TASK OBJECTIVE: Retype exactly what appears below from the line containing "DIY Gifts For Grandmas" down to the line containing "DIY Gift Ideas for Grandma", keeping both end lines. Do not include pictures.

INPUT RECORDS:
▼▼▼
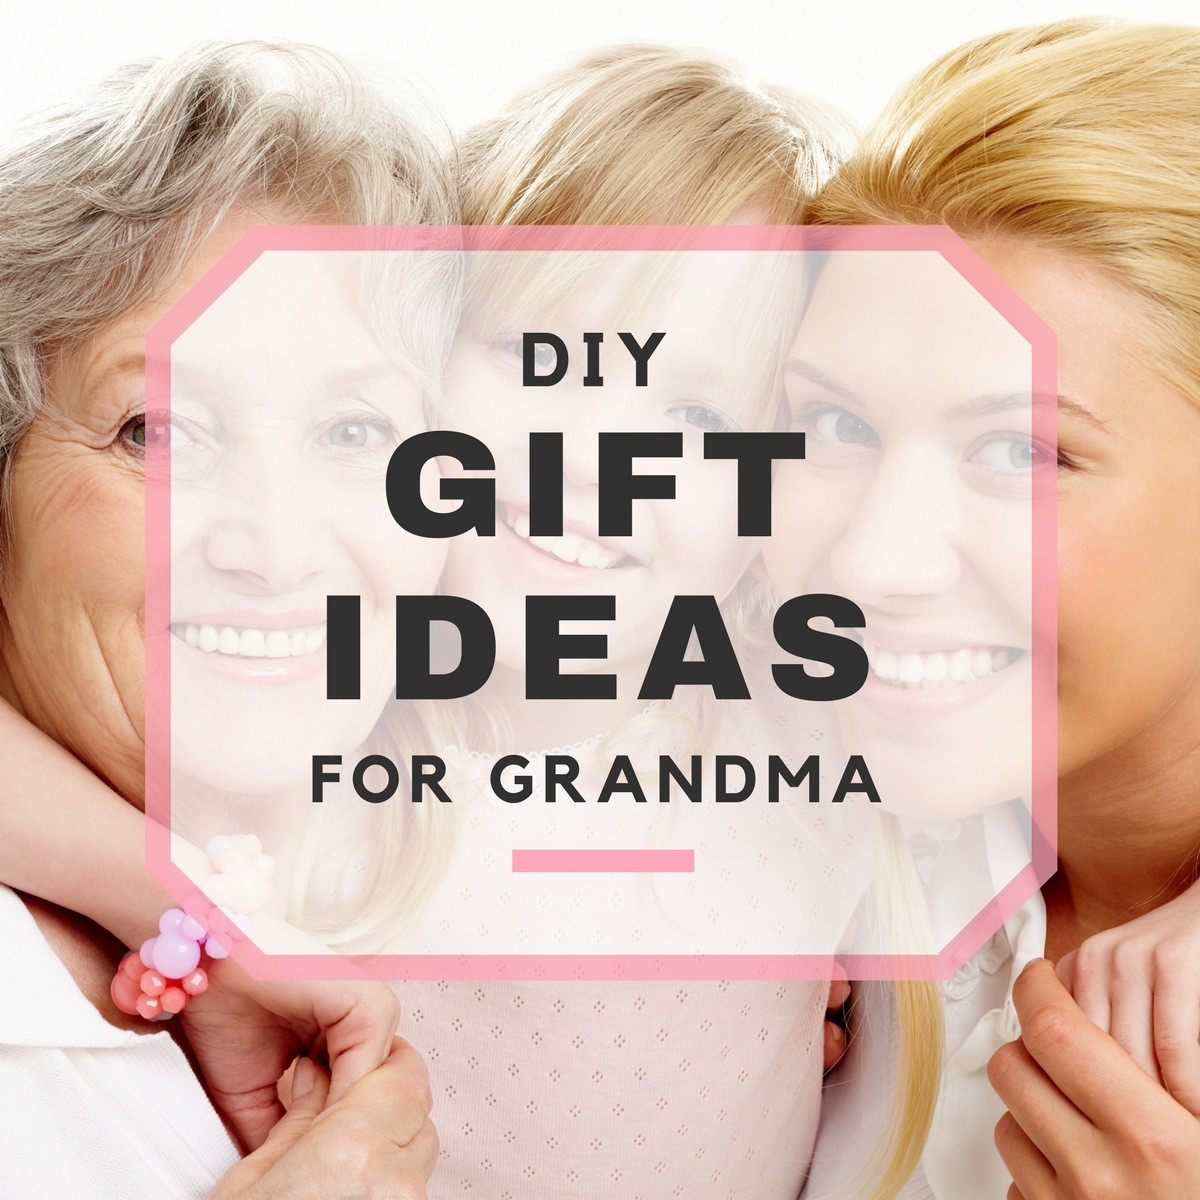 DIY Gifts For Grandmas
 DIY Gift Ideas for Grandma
▲▲▲
▼▼▼
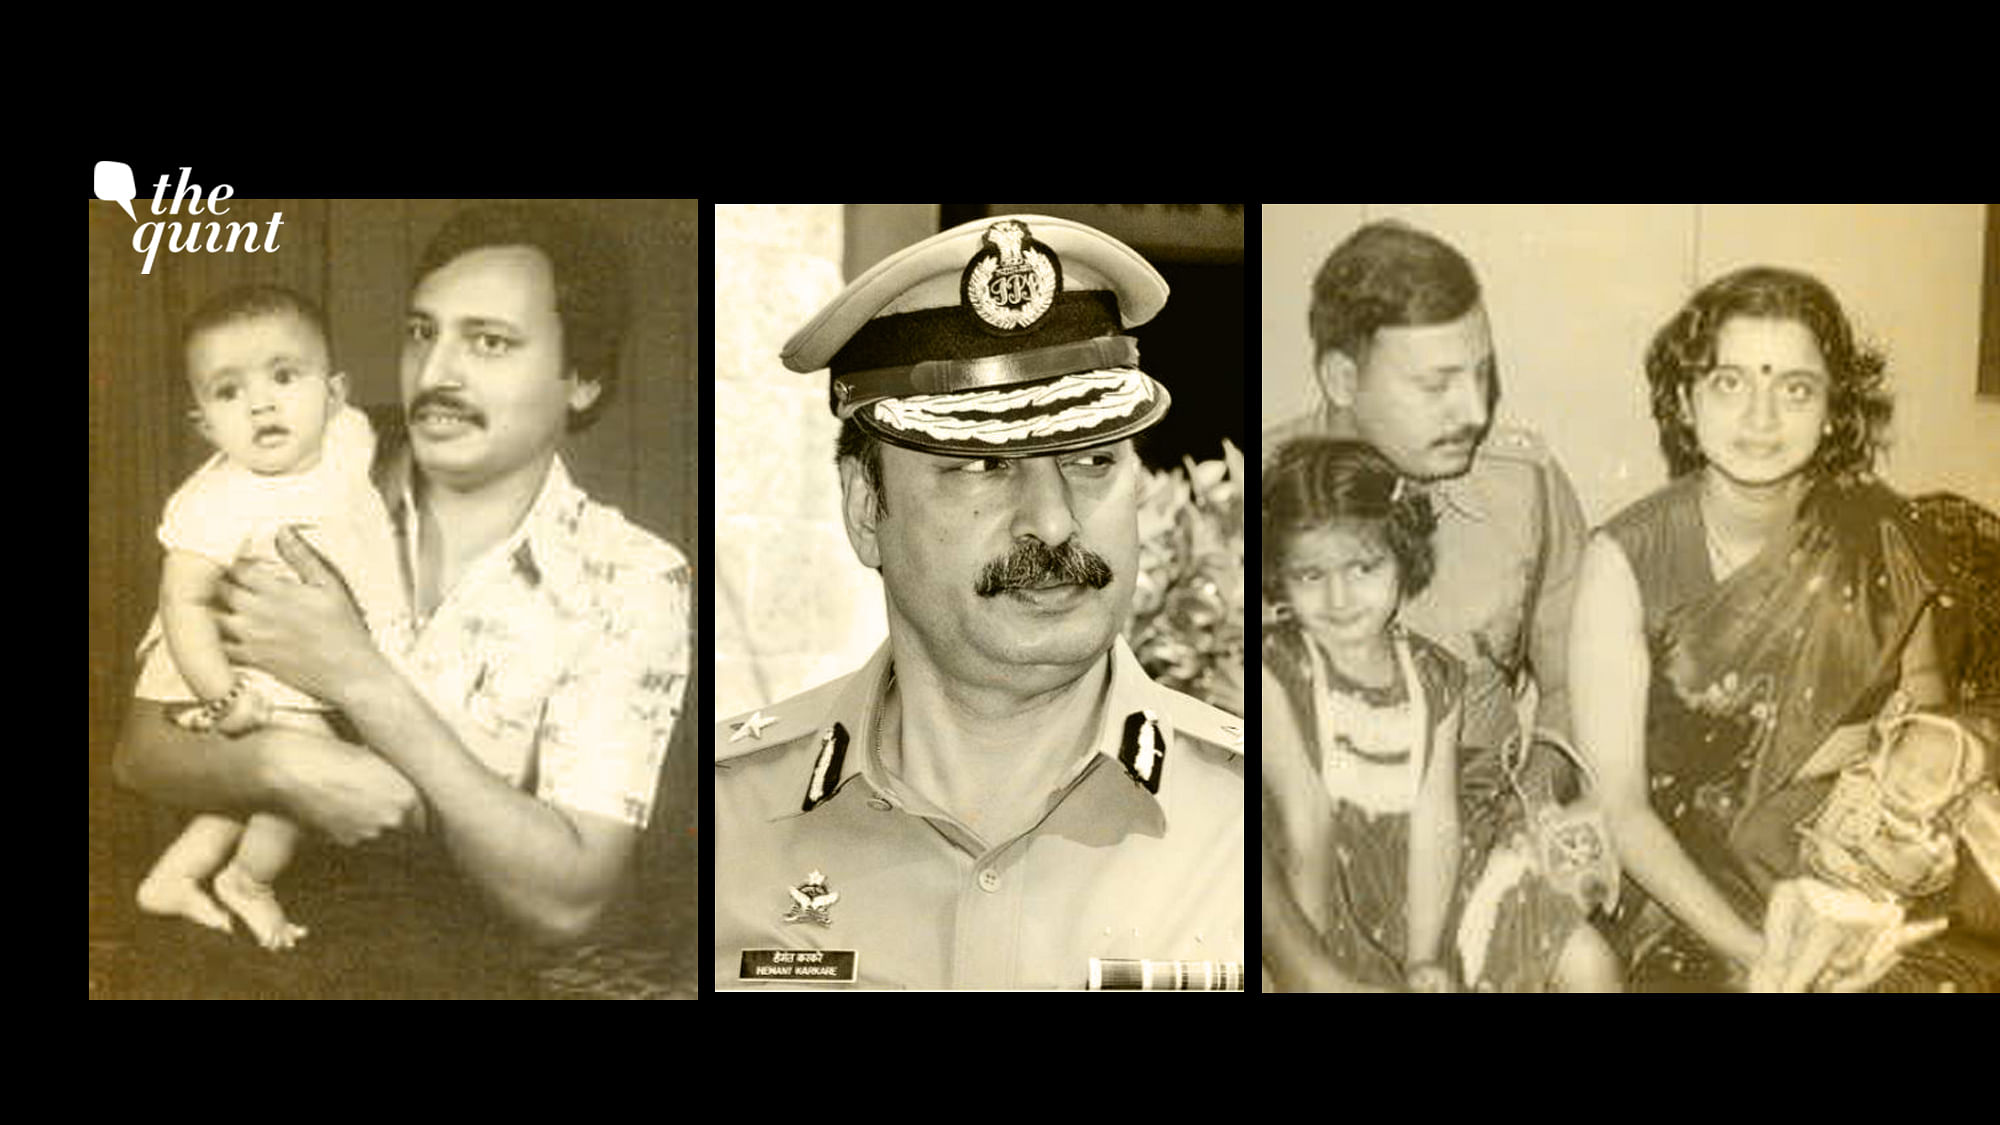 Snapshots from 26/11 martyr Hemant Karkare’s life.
▲▲▲
RESPONSE BOX:
 DIY Gifts For Grandmas
 DIY Gift Ideas for Grandma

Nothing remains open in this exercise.